Wednesday, April 6, 2022

Mendacious New York Times' warning about Censorship

 https://rwmalonemd.substack.com/p/mendacious-new-york-times-warning

Guest Editorial

In a bold but clearly disingenuous statement from its famed Editorial Board, “a group of opinion journalists whose views are informed by expertise, research, debate, and certain longstanding values,” the New York Times issued a cautionary statement:

“For all the tolerance and enlightenment that modern society claims, Americans are losing hold of a fundamental right as citizens of a free country: the right to speak their minds and voice their opinions in public without fear of being shamed or shunned.”

The Editorial Board pounded the point home:

“People should be able to put forward viewpoints, ask questions and make mistakes, and take unpopular but good-faith positions on issues that society is still working through—all without fearing cancellation…Freedom of speech requires not just a commitment to openness and tolerance in the abstract. It demands conscientiousness…We believe it isn’t enough for Americans to just believe in the rights of others to speak freely; they should also find ways to actively support and protect those rights.”

Of course, the New York Times should be teaching by example. In fact, it has not supported free speech, protected the First Amendment, or allowed honest debate. It has not allowed competing perspectives about the most important issues of the day. It has been a mouthpiece for greedy corporations and corrupt government officials.

In support of their interests, and at the expense of those of American citizens, it censored The Real Anthony Fauci by Robert F. Kennedy Jr. in every conceivable way. It ranked the book #7 on its non-fiction bestseller list even though Kennedy’s book outsold any other book in America that week by thousands of copies. Then it refused to allow Skyhorse Publishing to place an advertisement for the book because it’s censorship division, ironically called “Standards Management,” decided that the book itself constituted misinformation, despite their stated policy that “Standards” only looks into whether an ad itself is “non-defamatory and accurate.”
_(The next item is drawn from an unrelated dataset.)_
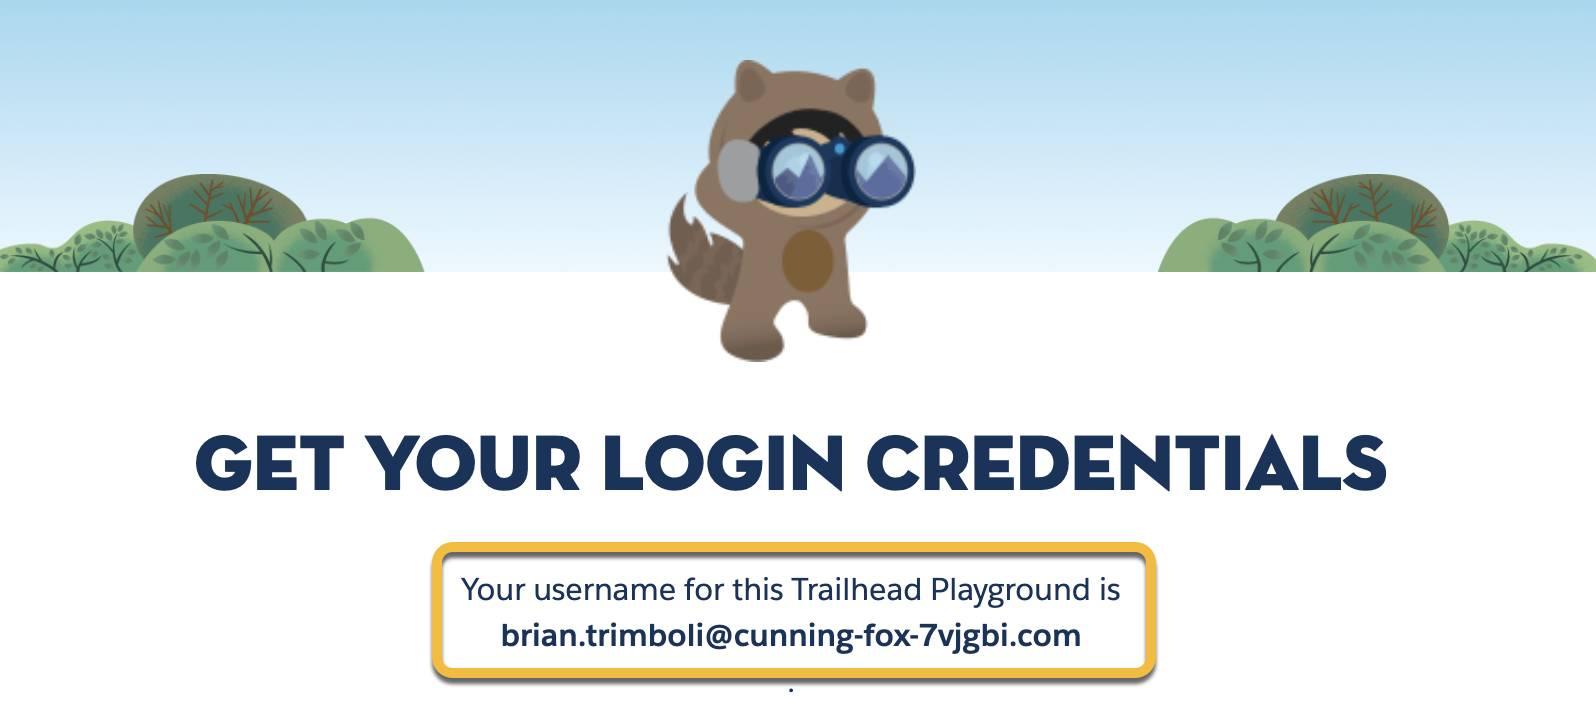 Nome de usuário do Trailhead Playground em destaque na guia Obter credenciais de login
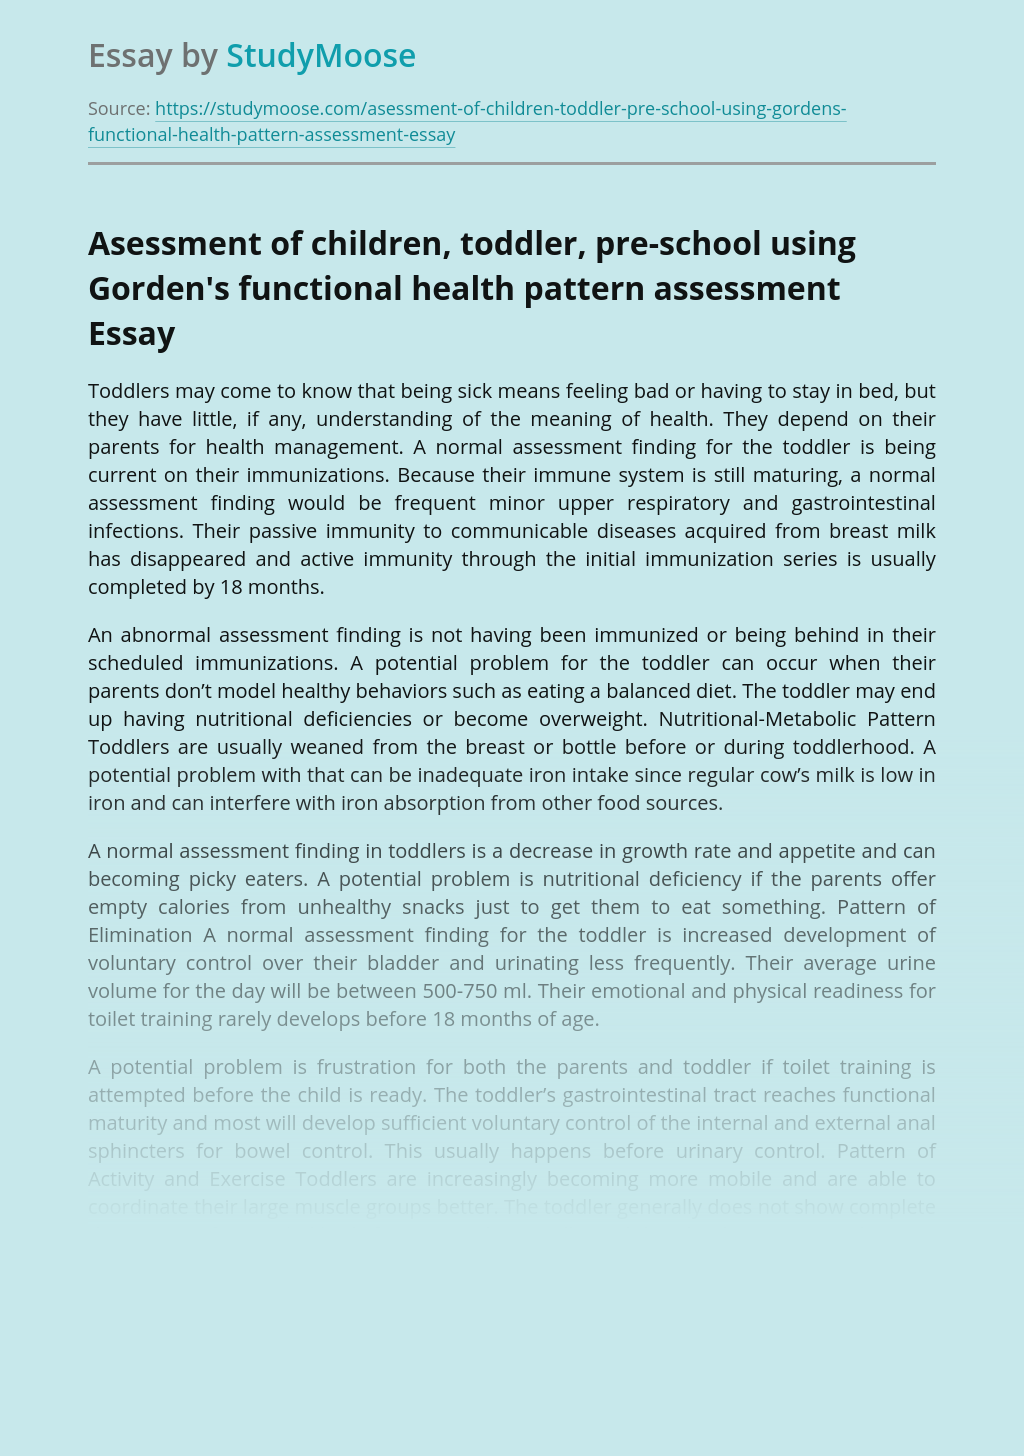 Asessment of children, toddler, pre-school using Gorden's functional health pattern assessment

The New York Times followed up with a scathing hit piece targeting Kennedy as “a leading voice in the campaign to discredit coronavirus vaccines and other measures being advanced by the Biden White House to battle a pandemic that was…killing close to 1,900 people a day.” It accused him of circulating “false information,” without indicating what that information is or explaining why it’s false, and of comparing the government pandemic response to the Holocaust, even though he clearly didn’t do that.

Finally, they refused to review The Real Anthony Fauci or so much as comment on its historic grassroots success, even though it’s become a cult classic, selling over 1,000,000 copies, and launching a worldwide movement against government corruption and corporate greed.

“Despite all the lying, or maybe in reaction to it,” Tucker Carlson wrote, “Robert F. Kennedy Jr. is becoming a legitimate folk hero.”

He is a folk hero because he stood up, grabbed a bullhorn, and spoke truth to power. He’s risked everything and lost a lot. He’s realized that you either care about justice or you care about personal consequences. And for him there have been many.

After suppressing freedom of speech for two years, after defending a specific, myopic and harmful narrative, the Editorial Board of the New York Times decided it was the perfect time to take a strong stance against censorship and cancel culture.